Re: Millions of Threads ?
Arne Vajh?j wrote:
frankgerlach@gmail.com wrote:
Well, a quick calculation suggests that a single server (4CPU or so)
could handle a million clients: Say each client sends 10 messages of
1000 bytes per day (The application in question is not very
data-intensive). That's 1000000*10*1000==10Gbyte. An internet
connection with 10Mbyte/sec (100Mbit Ethernet) could easily handle
this: 10000000*86400=864Gbyte. (Assuming there are no significant
traffic spikes). If I used Gbit Ethernet I could scale even higher; and
then I drop in 4 to 10 Gbit Ethernet cards...

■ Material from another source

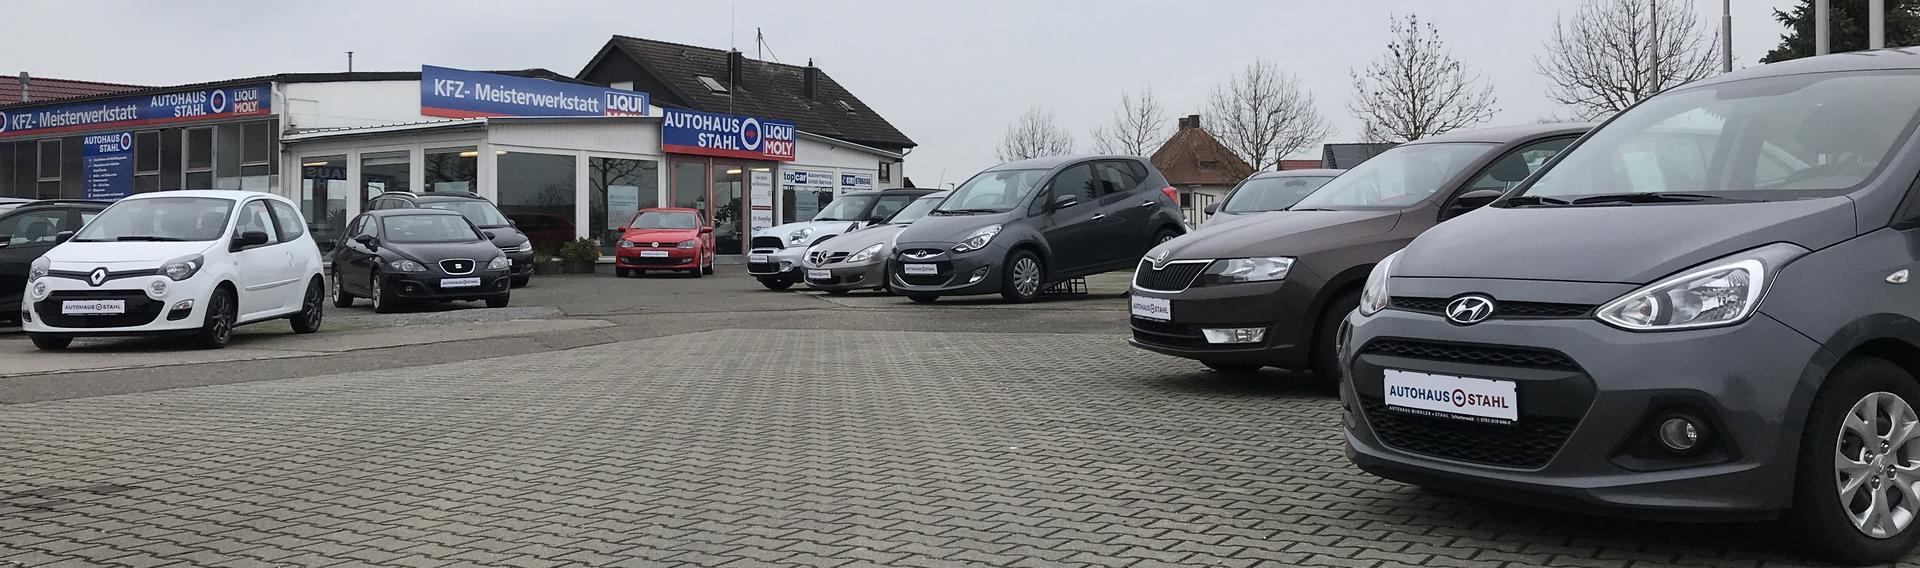 Home - Autohaus Stahl
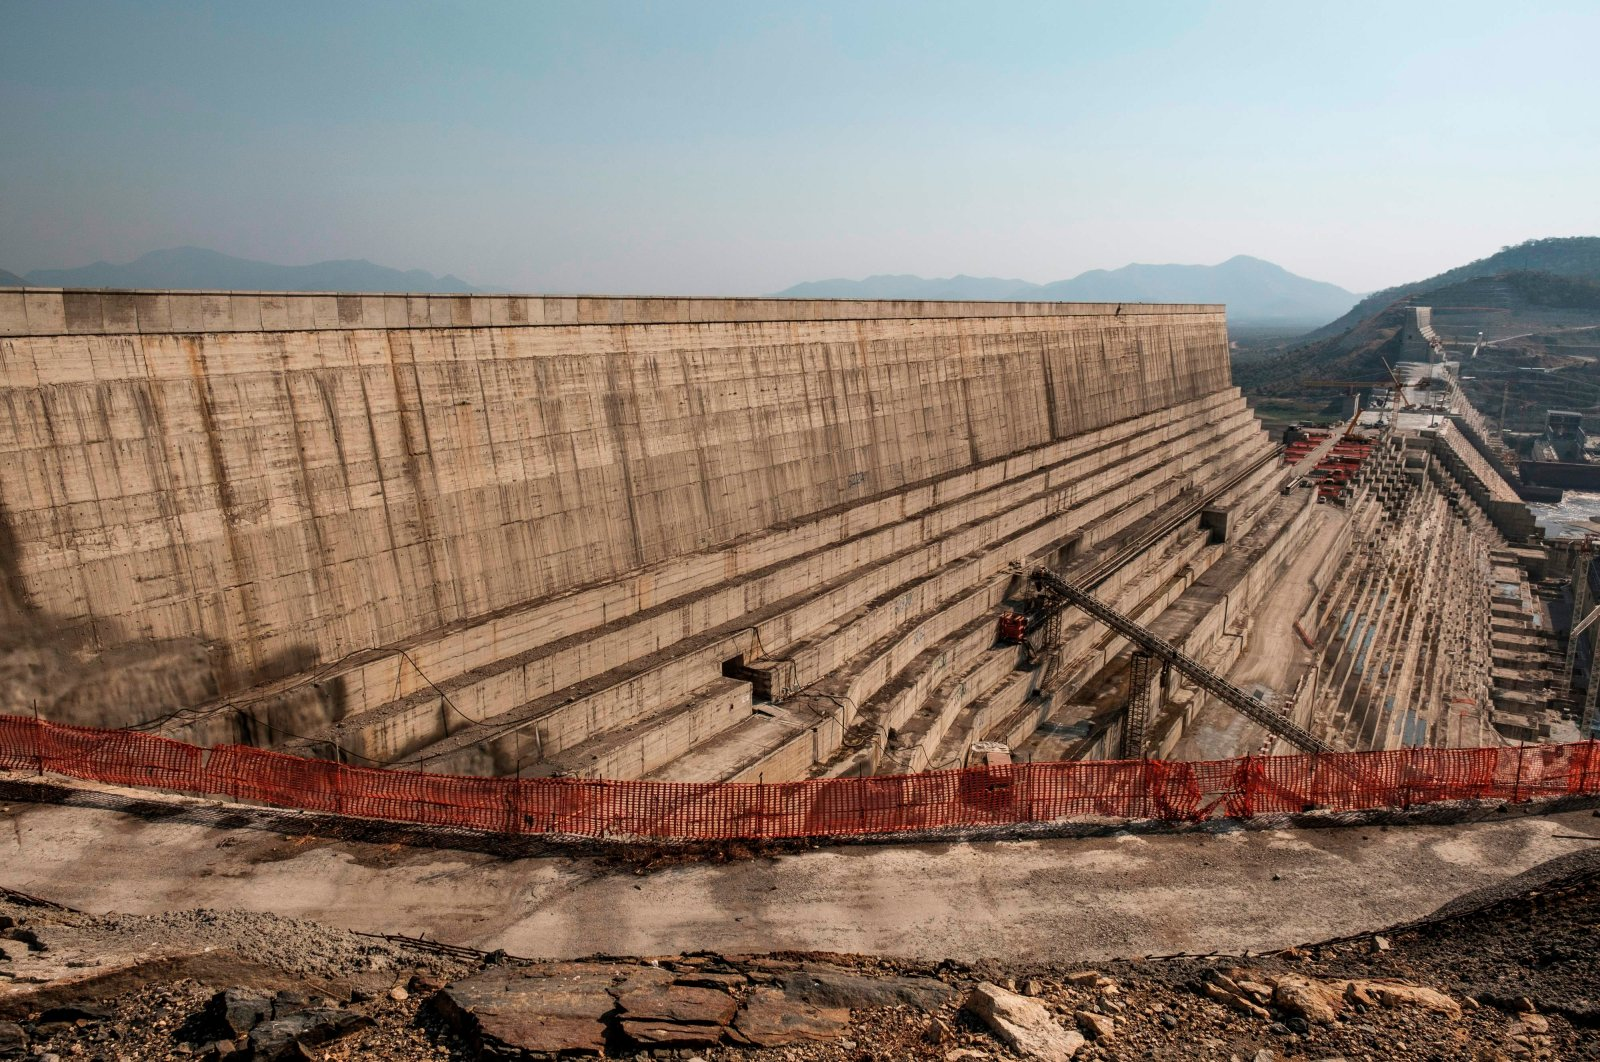 A general view of the Grand Ethiopian Renaissance Dam (GERD), near Guba in Ethiopia, Dec. 26, 2019. (AFP)

If we assume that you spend 20 milliseconds processing
a request then a roundtrip over all connections
if they all need to process with 4 CPU's will take 83 minutes.
I hope it is not an interactive application.
:-)
Arne
If each client sends 10 messages a day, there is a relatively low
probability that they all need service simultaneously. On the other
hand, it would be equally unreasonable to assume the traffic is
uniformly distributed.
I would model message arrivals with a Poisson distribution, but using
the rate associated with the busiest time of day, not the 24 hour
average. The problem is going to be working out where all the
bottlenecks are, and estimating the queue delays.
A thread has significant memory overhead, and appears on operating
system queues. How much do you really need to remember about each client
between messages? If it is small, you are better off keeping a client
state object for each client. When a message comes in, allocate a thread
and select the appropriate client state object.